Is a purpose-built Rust inference engine (Atlas) faster than our tuned vLLM on Blackwell? (measured 2026-06-07) No. On identical GB10 (DGX-Spark-class) hardware and the same Qwen3.6-35B-A3B-NVFP4 model, our tuned vLLM (NVIDIA MTP recipe) ran 116–119 tok/s steady-state vs Atlas’s 88.9; Atlas’s advertised “130–133 tok/s” and “3.1× faster than vLLM” did not reproduce (the 3.1× is vs an untuned vLLM). Atlas serving is quality-preserving — blog 0.944 (ties our blog leader) and 6/6 on a coding spot-check — and ships an ~8×-smaller (2.98 GB) no-Python single binary. That makes it a candidate packaging vehicle for an air-gapped compliance appliance, not a throughput upgrade. Its multi-node expert-parallel mode is not yet shipping (runtime is single-node only).

Does an agentic multi-hop retriever beat single-shot RAG for compliance Q&A? (measured 2026-06-07) On hard multi-hop CMMC / NIST 800-171 questions, an RL-trained search agent (Harness-1, 21B, gpt-oss-20b base) found every gold control (retrieval recall 1.000) where single-shot dense top-8 reached only 0.881 — it recovers the deep 2nd/3rd-hop controls single-shot drops at production cutoffs. But its curated answer (0.929) only matched single-shot top-15 (the curation step, not the search, is the bottleneck) and cost ~1,000× the latency — so the value is exhaustive batch retrieval (audit / SSP gap analysis), not interactive RAG. Control-id deduplication remains the cheap universal lever: it lifts both single-shot (0.786→0.881) and the agent (0.905→1.000).
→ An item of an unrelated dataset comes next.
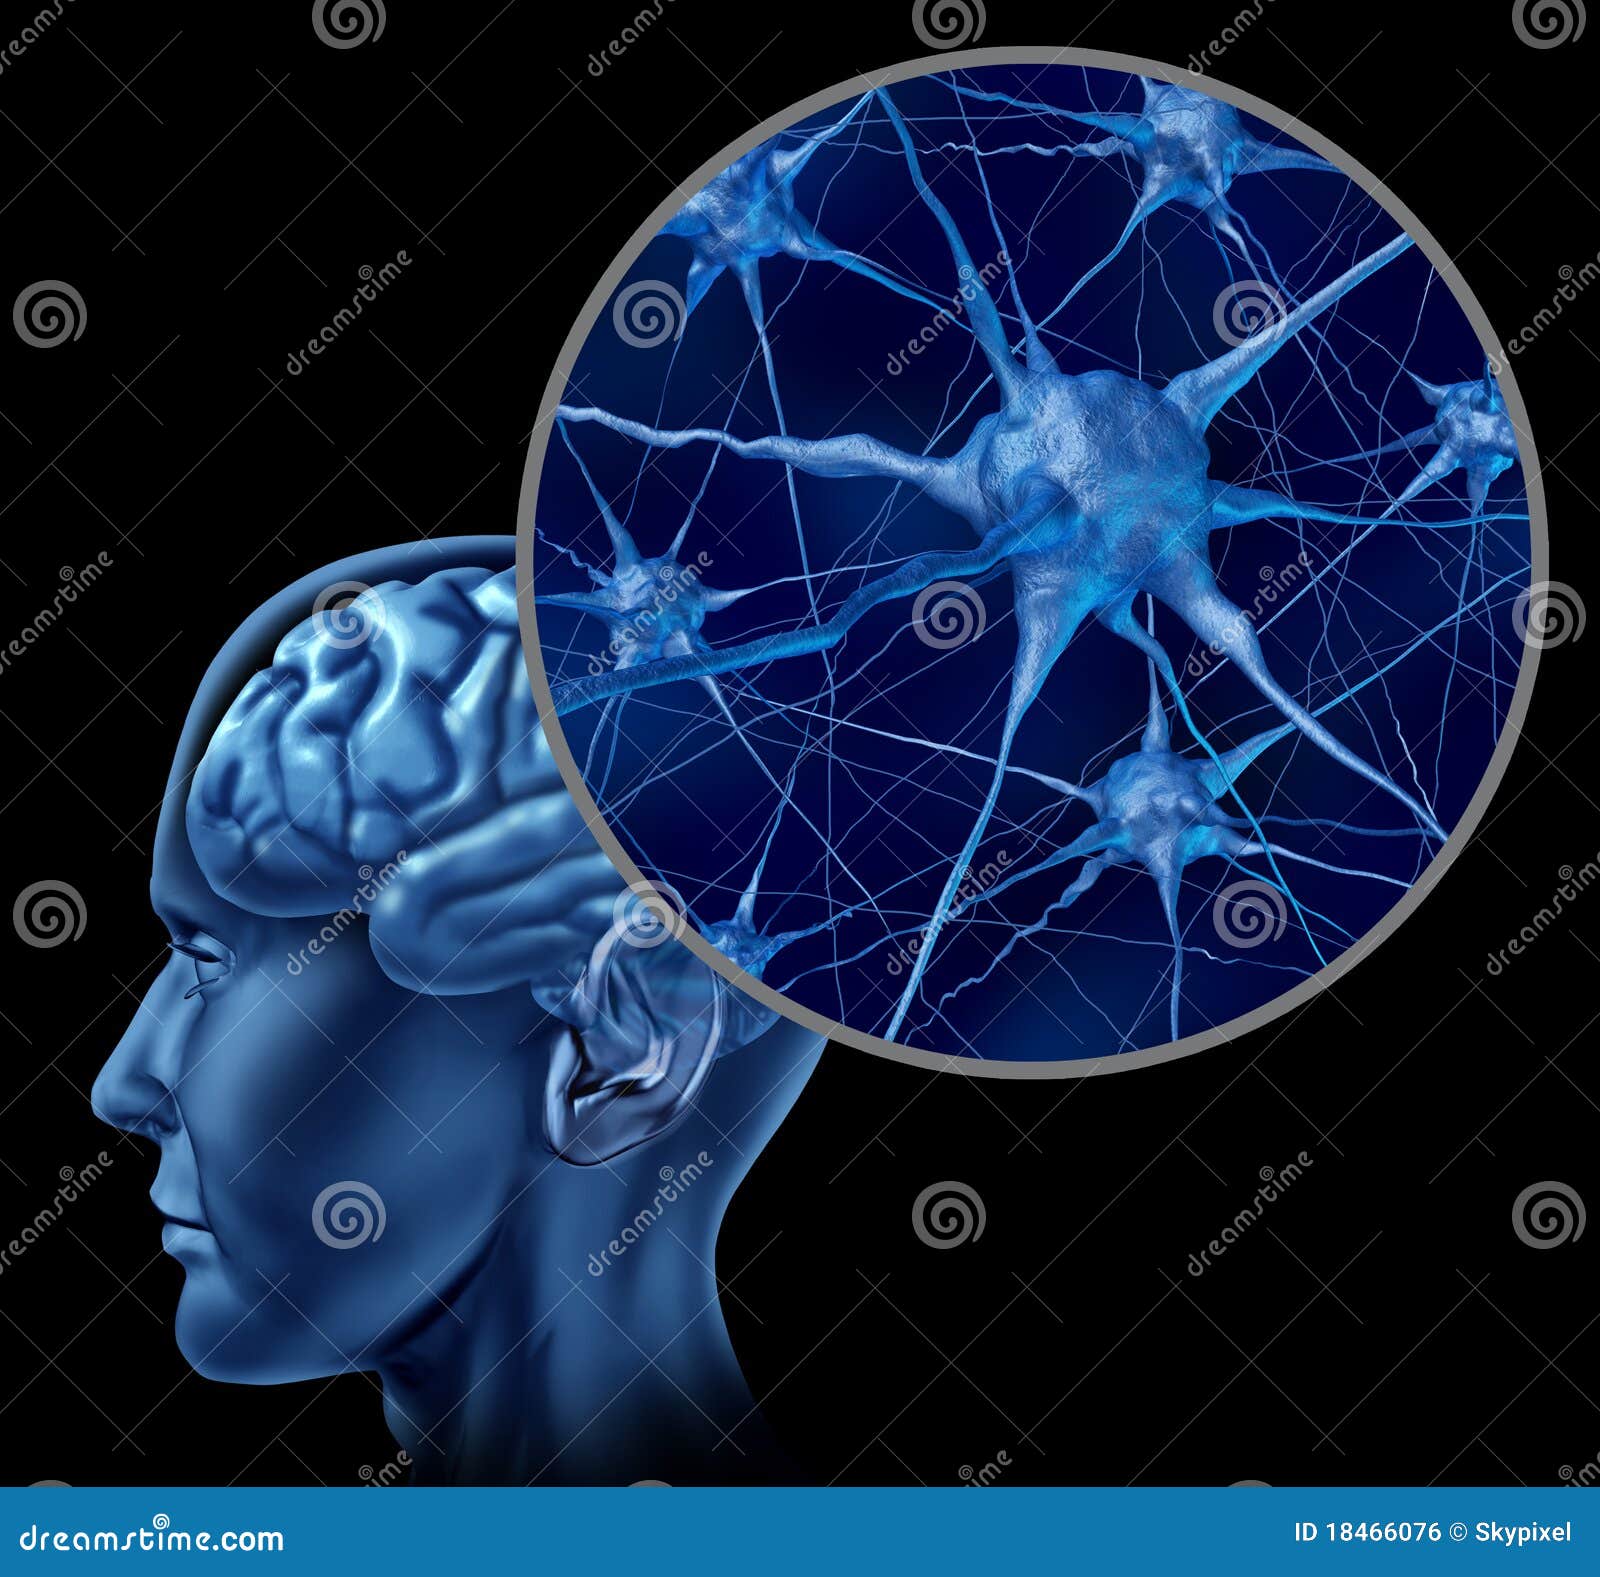 невроны активного конца мозга людские вверх. орган невронов памяти людской сведении конца клетки головного мозга деятельности медицинский отнес представлено показывающ символ к вверх

Methodology: PTG llm-benchmark harness; cross-judged by Claude Haiku-4.5 (pre-Session-13) or GPT-4.1 (Session-13 onwards). Temperatures: coding / tool-call / adversarial leaderboards filter to temp=0.0; blog uses each model's best temperature from the Session-14 Bench-2 sweep where covered. Excluded: misconfigured/errored runs and hardware-specific Mac coding runs (see Apple Silicon matrix).